Safety data from TEASE-1 were also positive, showing minimal adverse effects aside from a single case of papilledema in a patient on a high dose, which resolved without lasting complications. Kay indicated gildeuretinol’s impact on Stargardt disease progression was evident even without including natural history cases in the statistical analysis, strengthening the results' robustness. Additional trials within the TEASE program are investigating early intervention for younger patients, microperimetry testing in initial-stage patients, and pharmacokinetics in a broader cohort, with further data anticipated in 2025.
With US Food and Drug Administration (FDA) orphan drug status and breakthrough designation, Gildeuretinol is a promising candidate for addressing Stargardt disease's significant unmet needs.
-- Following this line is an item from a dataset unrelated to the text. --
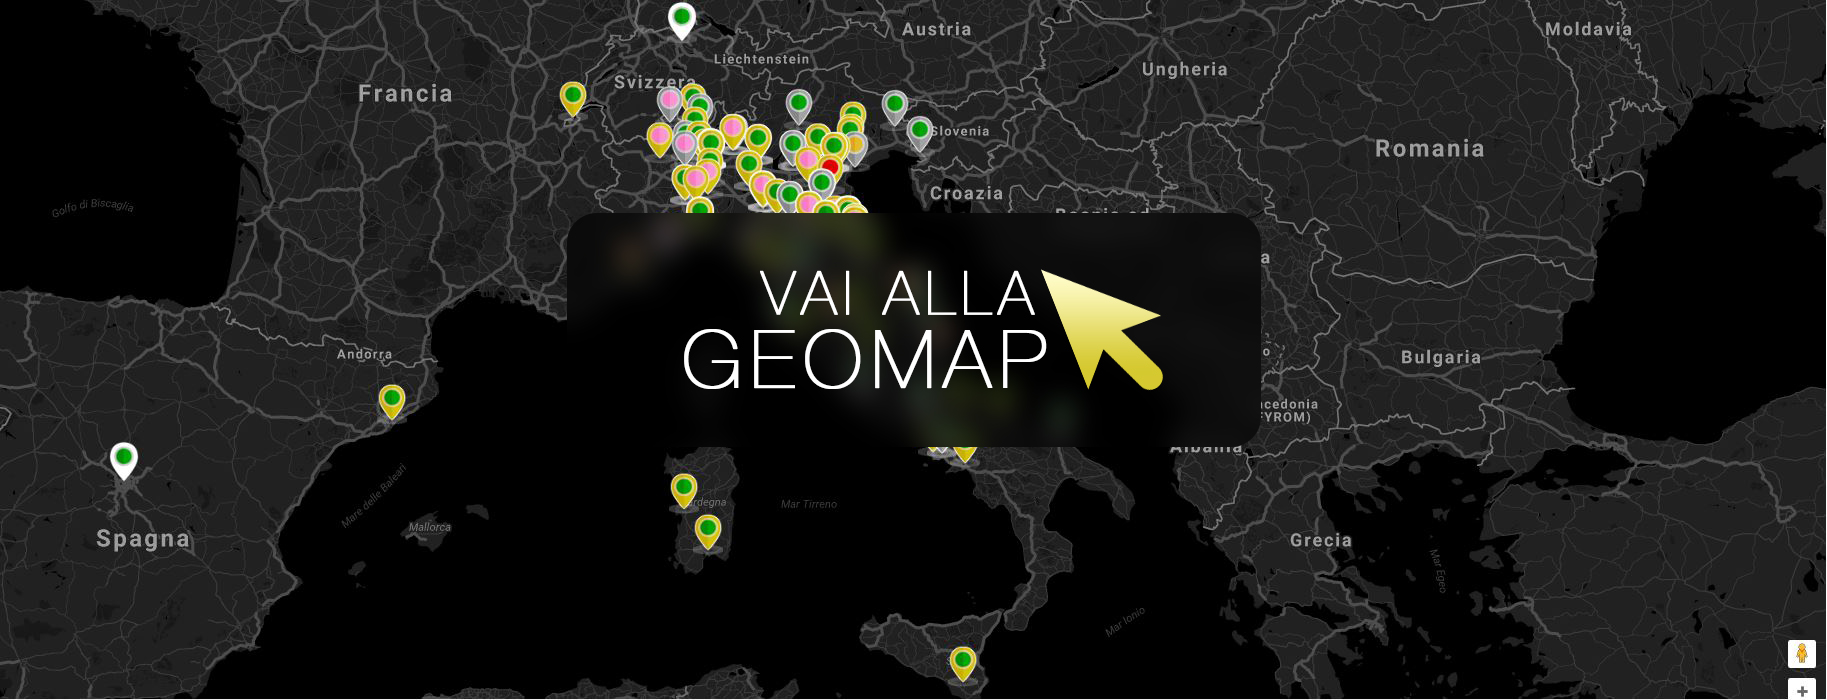 Guarda gli annunci a Milano nella mappa intervattiva

Kay expressed excitement about the trial’s outcomes and the potential for Gildeuretinol to become a viable treatment option pending FDA approval, marking a hopeful advancement in managing this debilitating disease.
"It was exciting to be able to give the first randomized, controlled trial that has shown efficacy in Stargardt presentation today," Kay told HCPLive. "This drug has orphan drug status and breakthrough designation status from the FDA, and the company is moving forward with the FDA pathway shortly, so we'll be excited to follow along and see how things go."
Disclosures: Relevant disclosures for Kay include Atsena Therapeutics, Alkeus Therapeutics, EyePoint, RegenxBio, and others.
References
Kay CN. Deuterated Vitamin A Preserves Vision in Stargardt’s Disease (TEASE Study). Symposium presented at the American Academy of Ophthalmology (AAO) 2024 Meeting. Chicago, Illinois. October 18-21, 2024.